# introduced new goat today, he wont settle down



## naomilove (Jan 10, 2017)

Hey guys! Ive only ever had a couple goats and all have been related. I had to put my one female to sleep two weeks ago and wanted to get a companion for her brother (pygmy wether) since he is now all alone. So i finally got the new fence set up today and brought the new goat home (nubian wether). Mine (lundy) is acting very dominant and mean towards the new boy (laddie) which i expected until they get used to each other. Which is why i gave them seperate pastures. However laddie will not stop screaming, he has made himself hoarse from yelling for home. Is this normal? If so how long till he settles? I feel so bad for him. I got him from my neighbors so he can hear his old herd and see the house.... im not sure if thats better for him or worse.

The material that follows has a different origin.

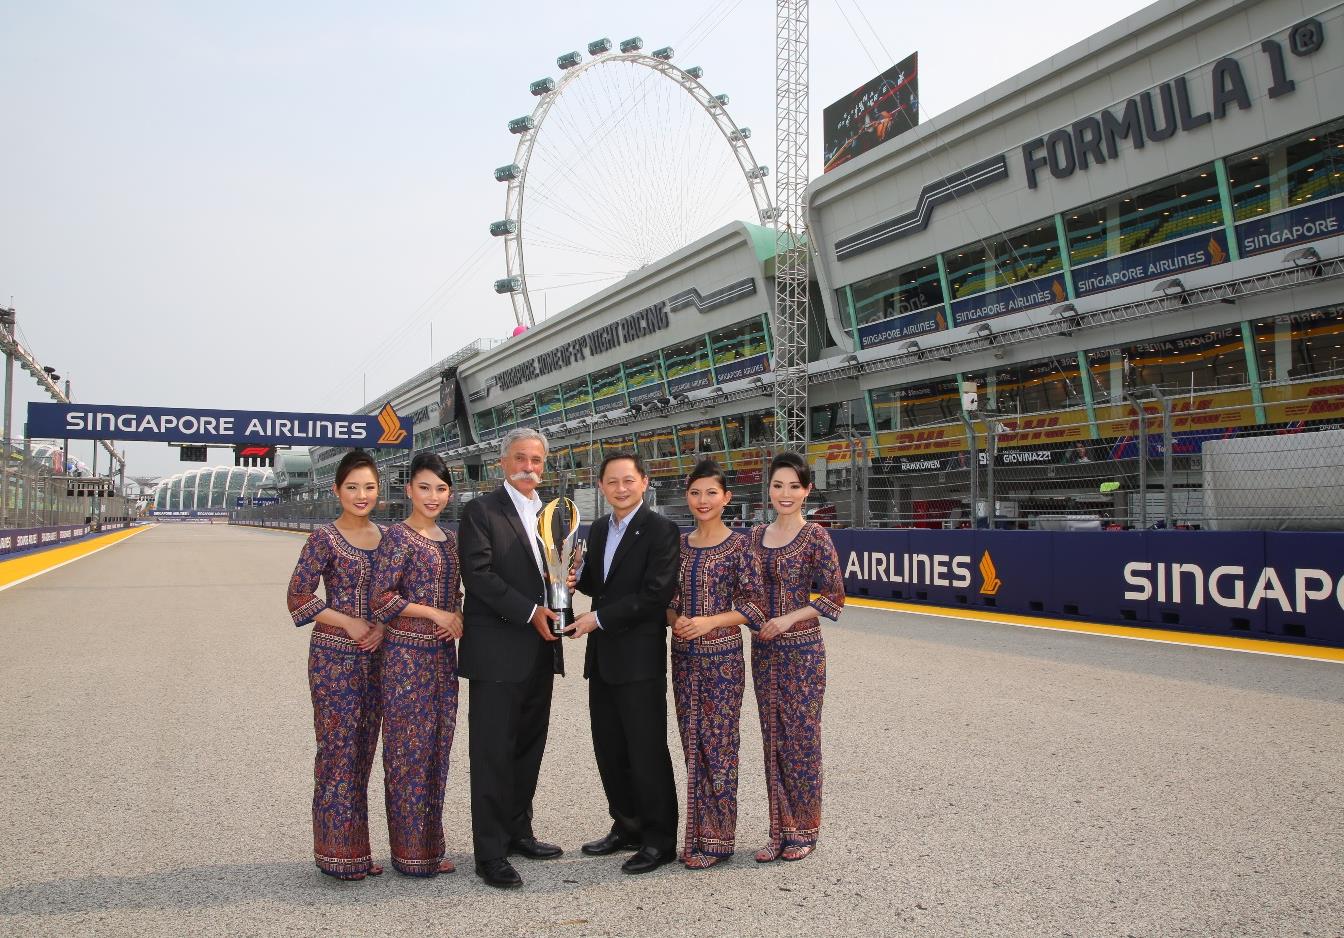 Singapore Airlines, the current title sponsor of the Formula 1 Grand Prix in Singapore since 2014 has extended its sponsorship for another two years till 2021.

sorry this is longwinded. Thanks for any advice in advance !


----------



## Luckthebuck234 (Jul 15, 2015)

I had the same experience when I brought home one of my ND does, she was a year old but missed her momma.  They had always been together. It took a week or so before she finally gave up looking for her old herd, after that she became best friends with our doe and they sort of bonded together. He probably just needs time to realize they aren't coming back, probably a couple days to a week(depending). We would do sessions with them together before actually putting them together full time, it seems like you are doing that so good job.:thumbup: He should be fine and most likely they should be good buddies soon


----------



## catharina (Mar 17, 2016)

Maybe try some distraction--big leafy branches to chew on or extra attention from you?


----------



## naomilove (Jan 10, 2017)

Thanks! The only goats ive ever brought home before where lundys mom and older brothers but they settled in immediately. But they were also from an extremely abusive situation, so they might have just been to spent to worry anymore. Really thought i was doing something wrong with this guy! I built his new pasture up against the old one so the can sniff and touch if the want to but can get away if needed. Ive also only had pygmies before, this guy looks like a giraffe to me! :slapfloor:


----------



## toth boer goats (Jul 20, 2008)

Are they the same age? Size?

It is normal pecking order, like head butting? Or are they, penning up legs, slamming into the side, drawing blood?
If so, then it may not work. 

Normal slamming of the horns and top goat behavior, is normal. All outsiders are looked at as unwelcome for a while.

At feeding time, the behavior is worse, so separating feed area's like putting 2 different spots to eat, so if one goat is pushed off, the other can go to the next spot to eat.

It can take time, and best to let them hash it out, only if it is normal pecking order behavior. 
Some goats slam pretty hard and you think oh no, they are hurting each other, not always. You may see a little bit of blood around the horns or torn ears from being slammed and trapped from horn slamming. But this can be OK. 
With intact bucks, it can look brutal, but they soon will adapt and know who is boss within the day, minutes or hours. If it gets too out of hand and it has been a day with no resolution, they cannot be kept together. 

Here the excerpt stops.